**Exercise brief**
Repeat exactly the lines below from the line that contains "This wonderful, long" to the last line, inclusive, without the pictures.

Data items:
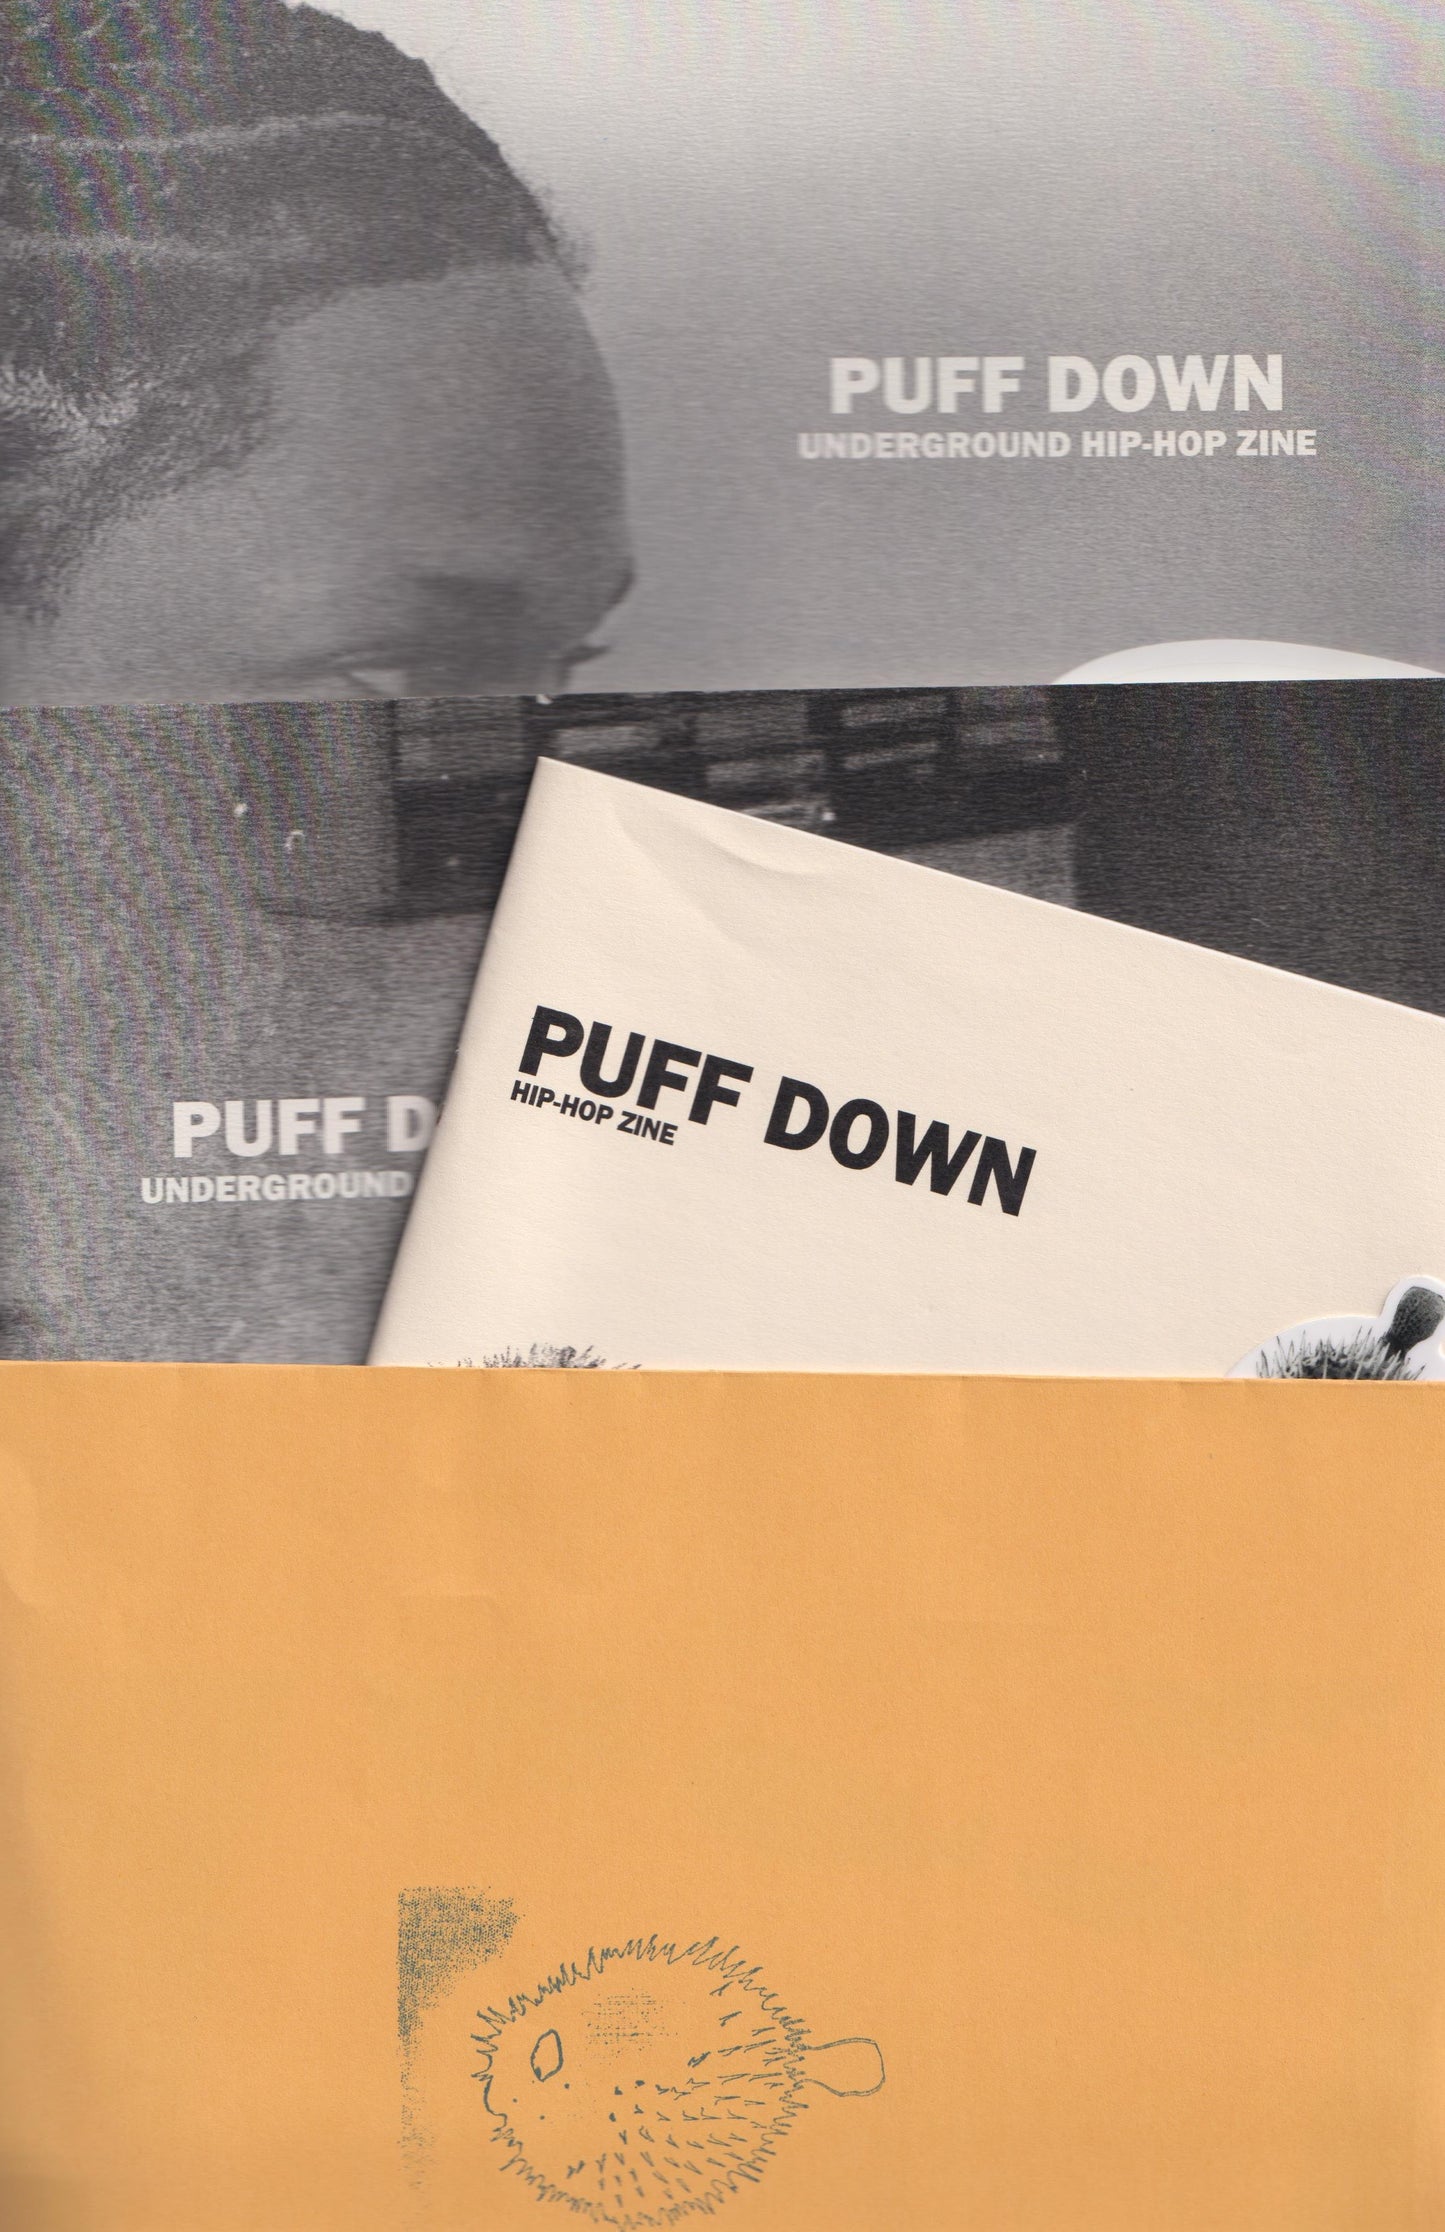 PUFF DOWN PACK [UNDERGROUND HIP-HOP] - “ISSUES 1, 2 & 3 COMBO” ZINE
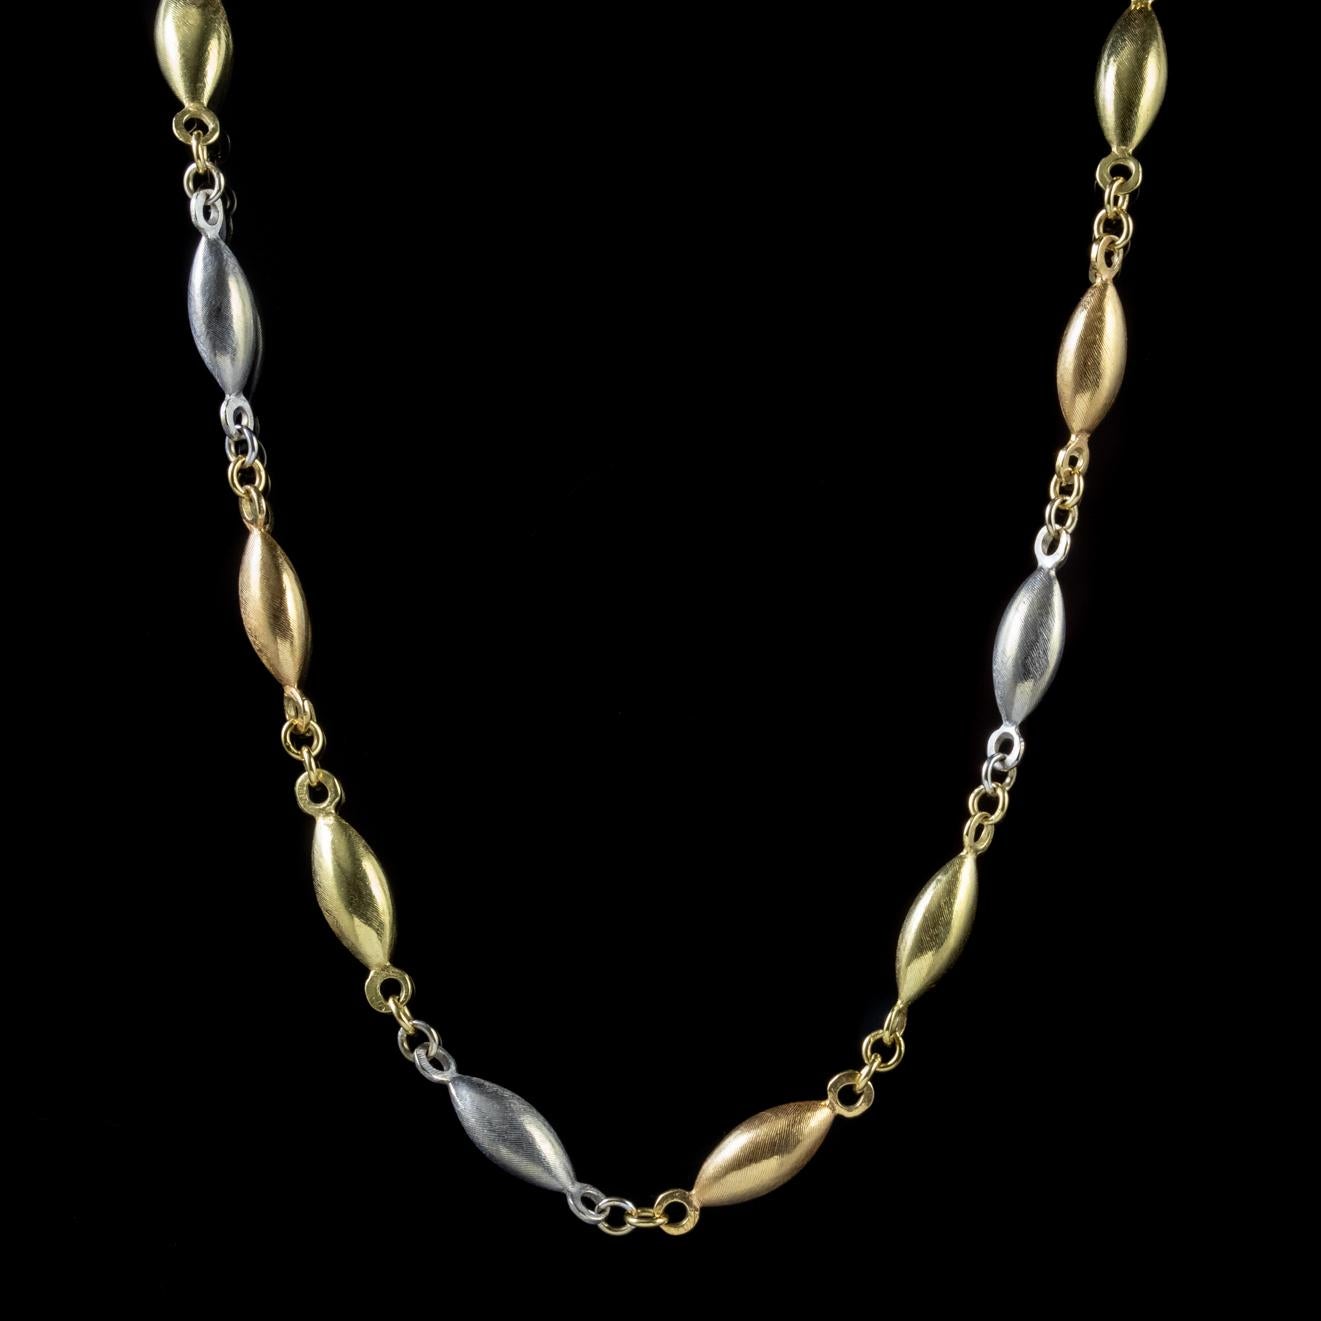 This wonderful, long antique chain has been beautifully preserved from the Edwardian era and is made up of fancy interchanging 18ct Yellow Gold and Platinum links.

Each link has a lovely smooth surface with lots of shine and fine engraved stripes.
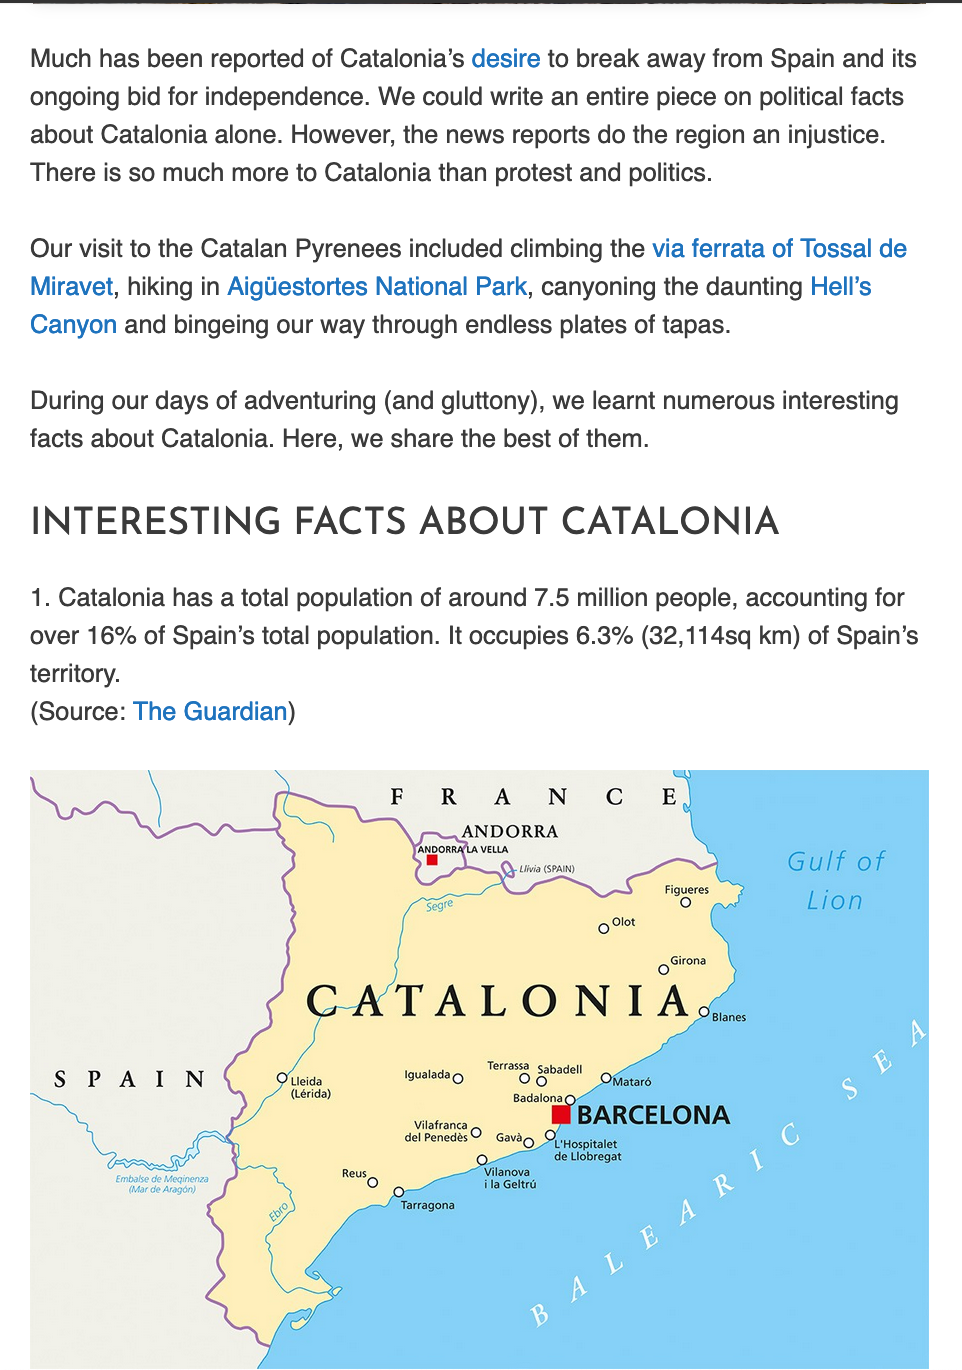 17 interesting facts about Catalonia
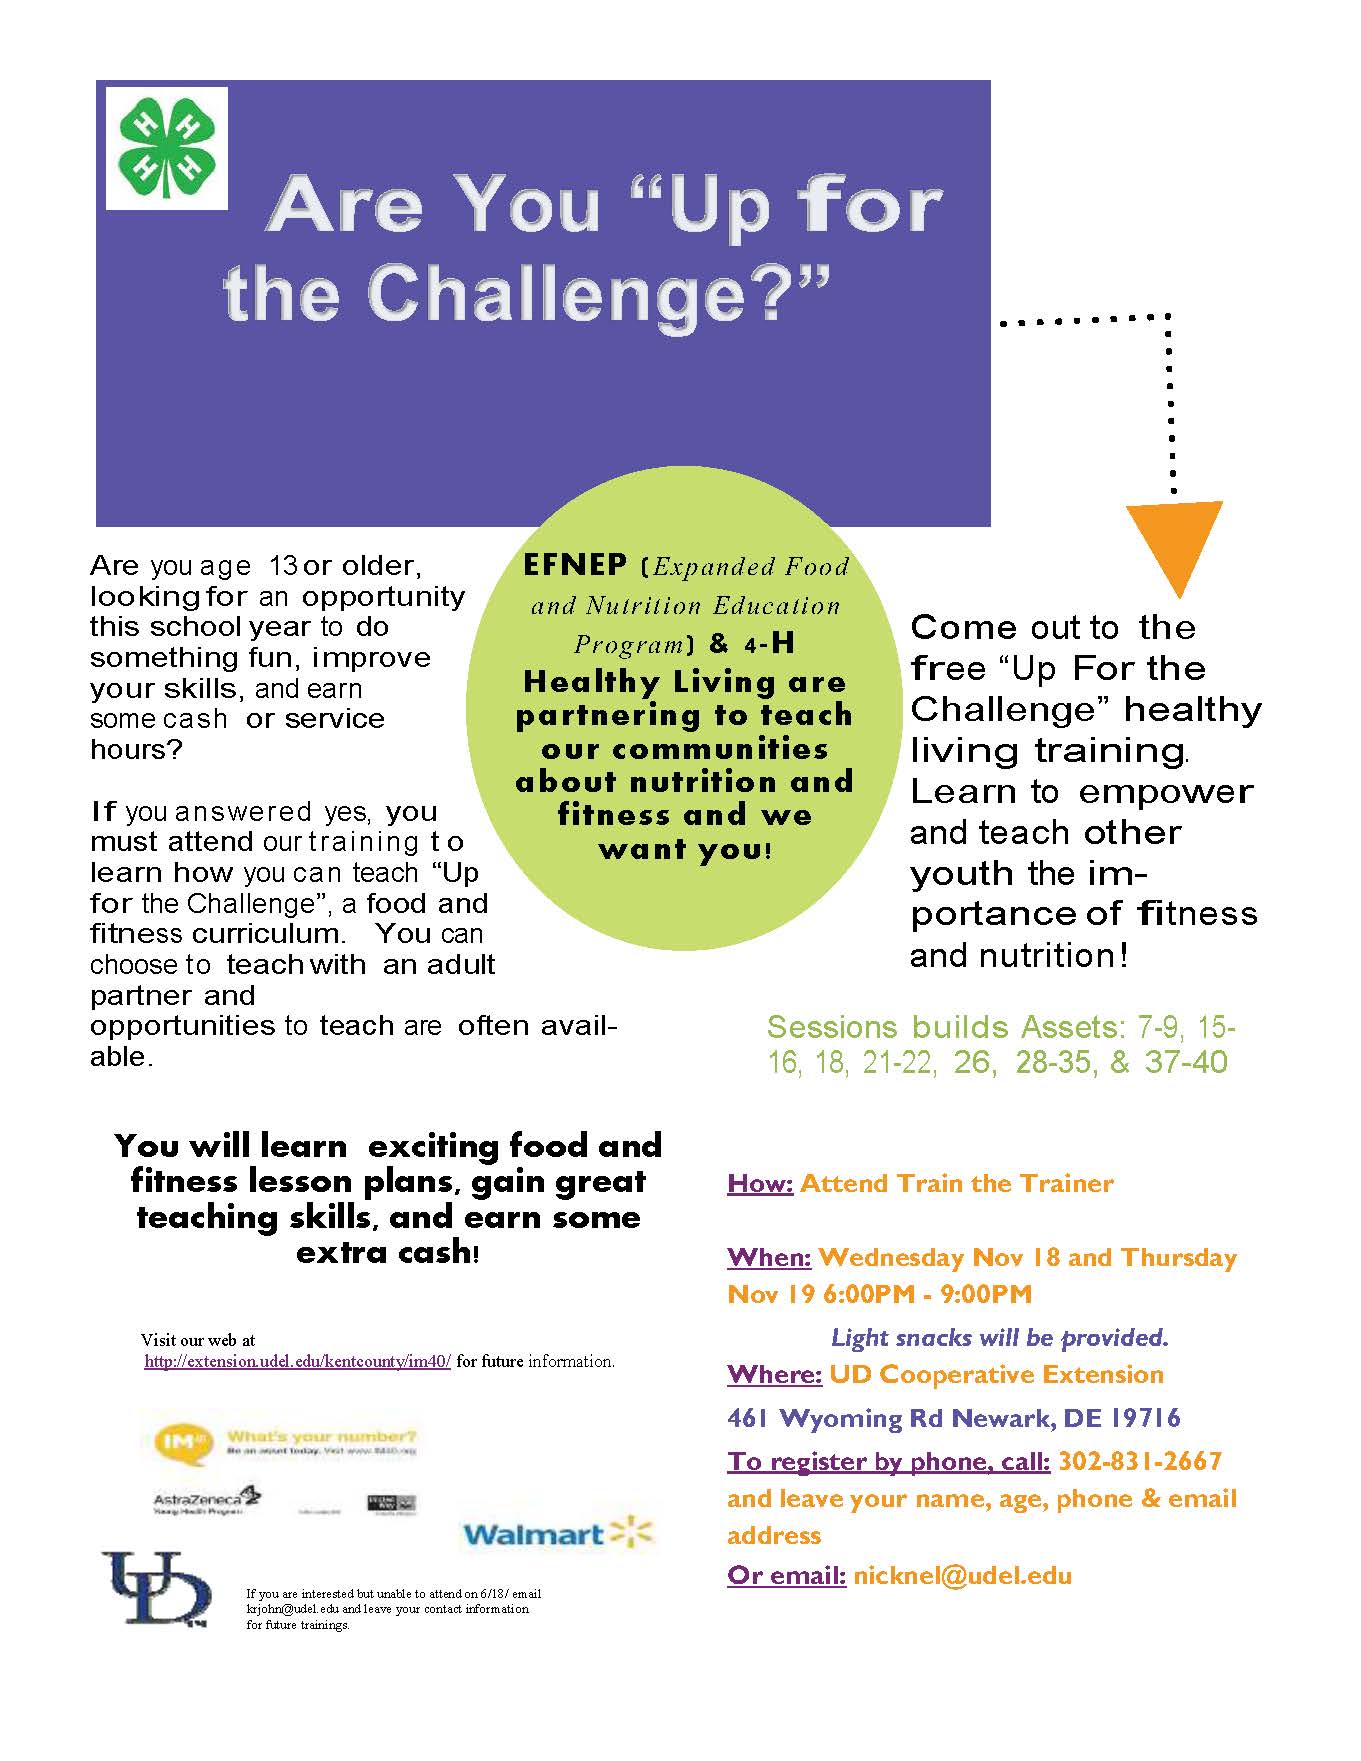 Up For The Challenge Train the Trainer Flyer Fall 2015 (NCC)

**Solution for this task**
 This wonderful, long antique chain has been beautifully preserved from the Edwardian era and is made up of fancy interchanging 18ct Yellow Gold and Platinum links.

Each link has a lovely smooth surface with lots of shine and fine engraved stripes.
 17 interesting facts about Catalonia
 Up For The Challenge Train the Trainer Flyer Fall 2015 (NCC)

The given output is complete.